BIOTRONIK reserves the right to suspend or terminate Home Monitoring Service for a specific implantable device: 1) upon written request of the physician or the patient; 2) when the implantable device goes out of service for any reason; or 3) when there have been no data transmissions from this device to the HMSC for more than 90 consecutive days. BIOTRONIK is further entitled to terminate Service for a specific device immediately upon use of the CardioMessenger outside its intended purpose. 

BIOTRONIK may suspend or terminate user access to Home Monitoring: 1) upon written request of the physician; 2) for an individual user with no system login activity for a period of 90 days or more; or 3) for any user group when there has been no account activity by any authorized account user for a period of 180 consecutive days or more. BIOTRONIK may suspend distribution of CardioMessenger devices to the purchaser: 1) when there has been no system login activity by any authorized account user for a period of 90 days or more; or 2) if more than 50% of patients registered to the group have been “auto-deactivated” by the system following 60 or more days of non-transmission. 

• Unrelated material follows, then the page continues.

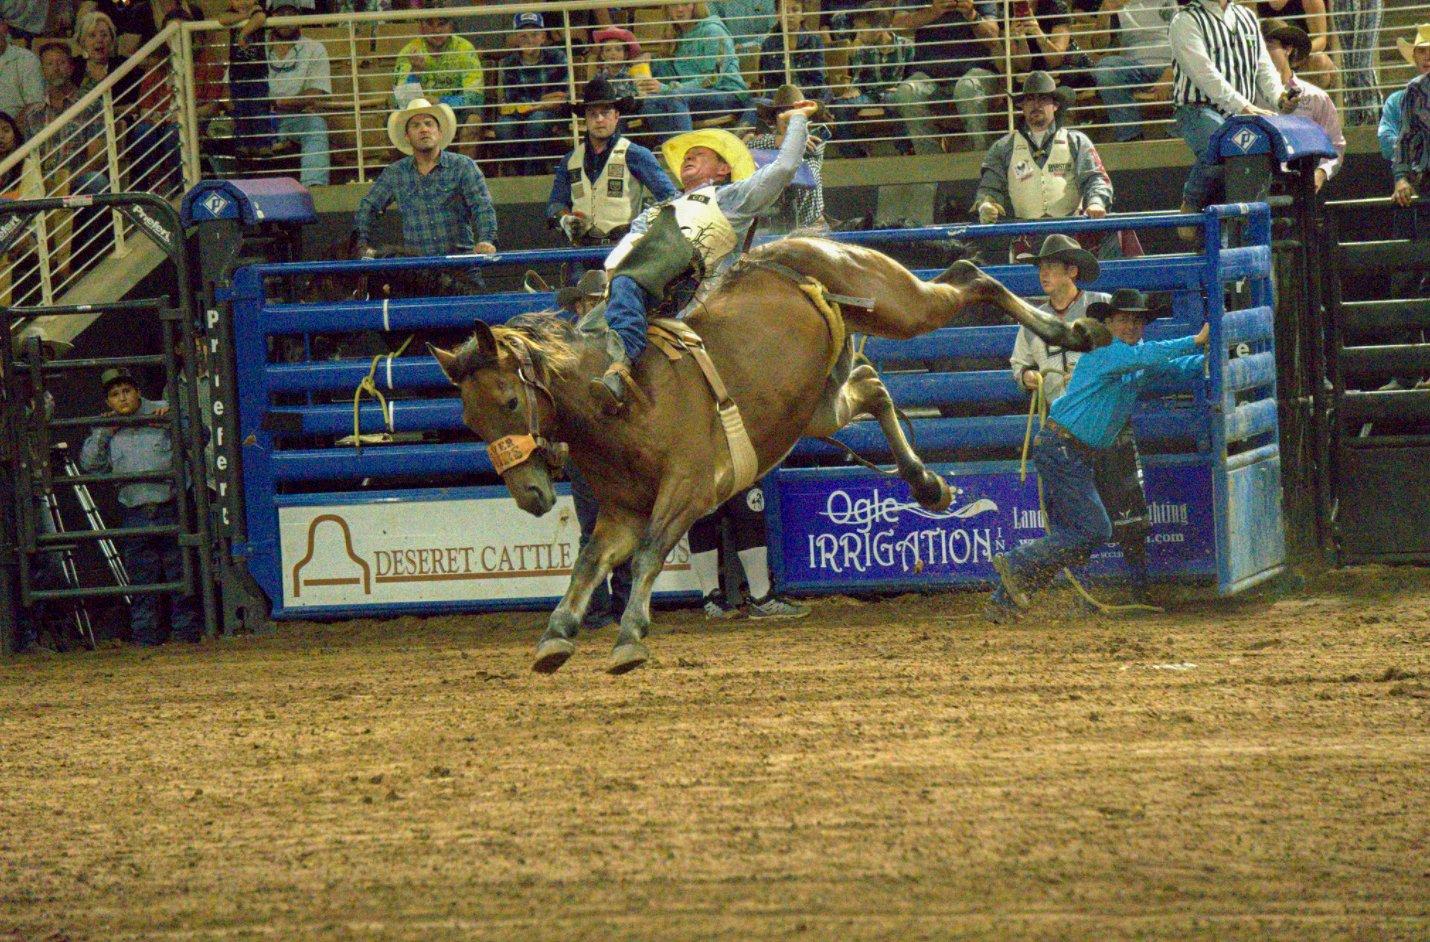 Brown bucking horse in an in-door arena with bareback rider

In no event will BIOTRONIK be liable for any indirect, special, punitive, or consequential damages of any kind or nature whatsoever, suffered by the other party or any third party, including, without limitation, lost profits, business interruptions or other economic loss arising out of: (a) any use or failure to be able to use recorded or transmissible data; (b) the accuracy or completeness of patient information based on recorded or transmissible data; (c) services provided through the use of this information; or (d) any losses, liabilities or claims incurred or arising in connection with the use of incorrect or misleading information based on recorded or transmissible data.

Any and all disputes arising out of or in connection with these Terms, including any question regarding its existence, validity, interpretation, performance or termination, shall be referred to and finally resolved by arbitration by the Arbitration Service of Portland in Portland, Oregon. The law governing this agreement shall be the substantive law of the State of Oregon. If legal action is instituted to collect past-due amounts, additional sums as the court or arbitrator may adjudge reasonable as attorney fees and statutory costs and disbursements, along with interest at the maximum legal rate, will be the legal debt of the defendant in any such legal action. 

The purchaser agrees to be bound by these Terms and Conditions of Sale when purchasing products from BIOTRONIK.